We use these conversions to calculate the vertical slope angle and horiz slope angle of a vector in R3. Using these slopes as defaults, we recalculate new points in R3 using the slopes entered into a dialog box. So, we are starting with Point objects, converting to a SphericalPoint object, and back to Point objects. We should not encounter the problem you are describing. Am I wrong?

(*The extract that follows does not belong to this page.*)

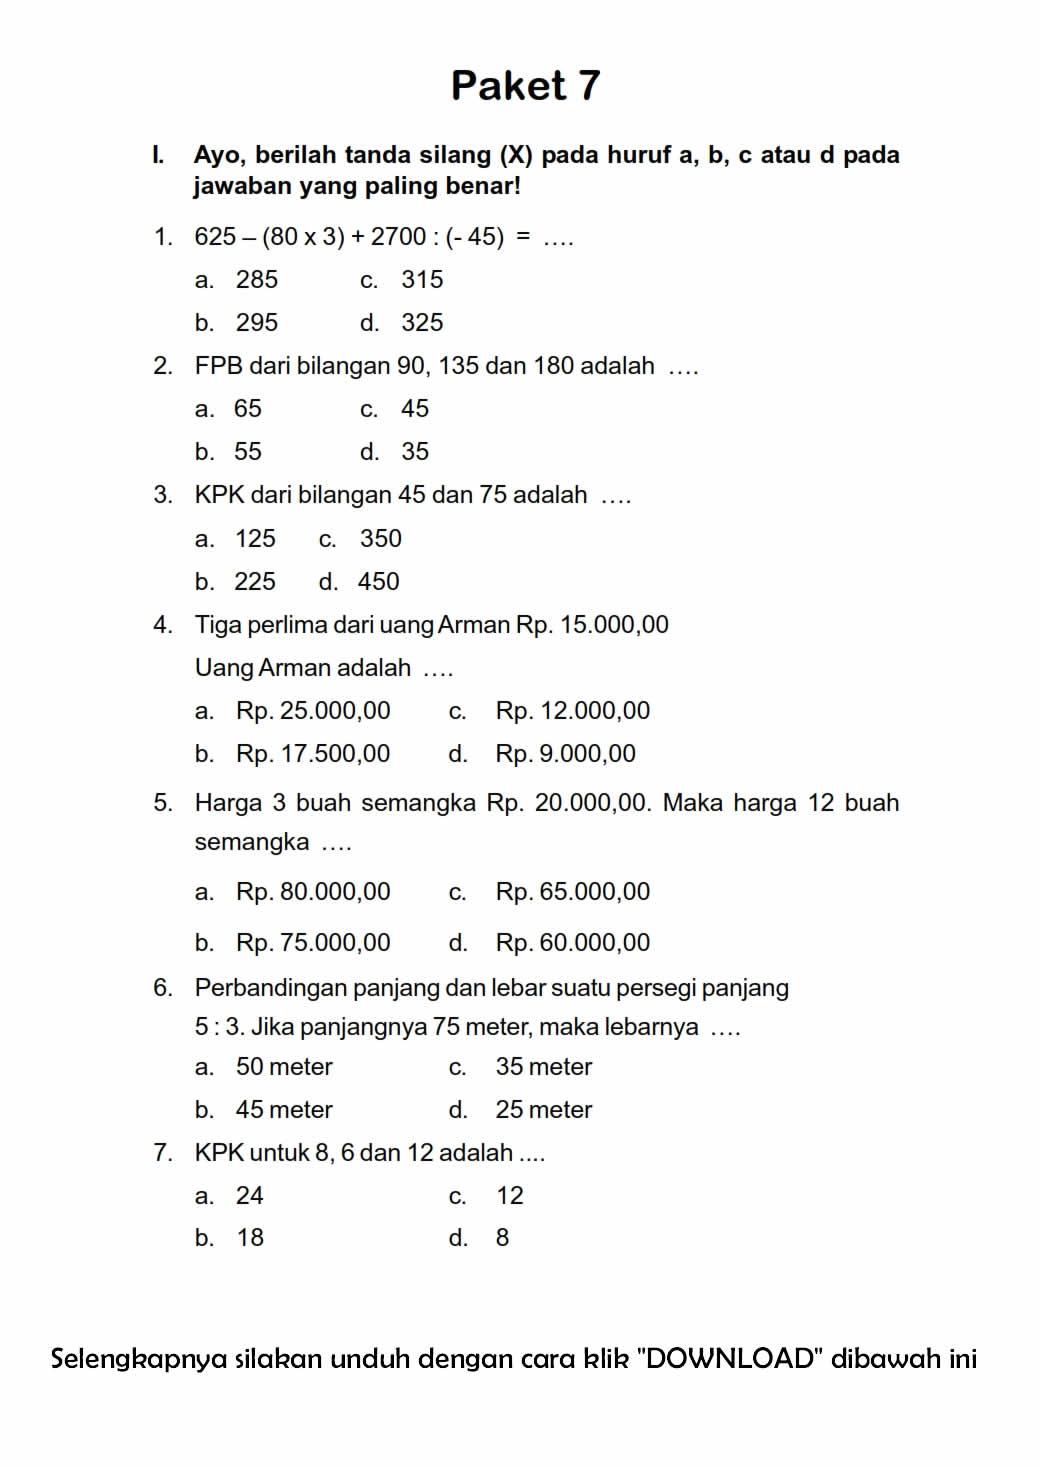 Download Soal Uas Ganjil Kelas 5 Semester 1 Matematika

Actually it might. The problem with this function is the calculation of the spherical coordinates is well defined. Atan2 is contiuous between -pi/2 and +pi/2 so will not cause any particular problems. When both x and y are 0 however, the atan is not defined; but since you do not need the theta or phi for that calculation (you purely need the R); thats okay too.
When you convert a theta,phi,r base back to x,y,z you still run into the problem of having a multiplication error between r*sin*sin and r*cos*sin that causes unwanted 0's in your outcome. Except if your vectors are limited in some way from obtaining unwanted (0-producing) values.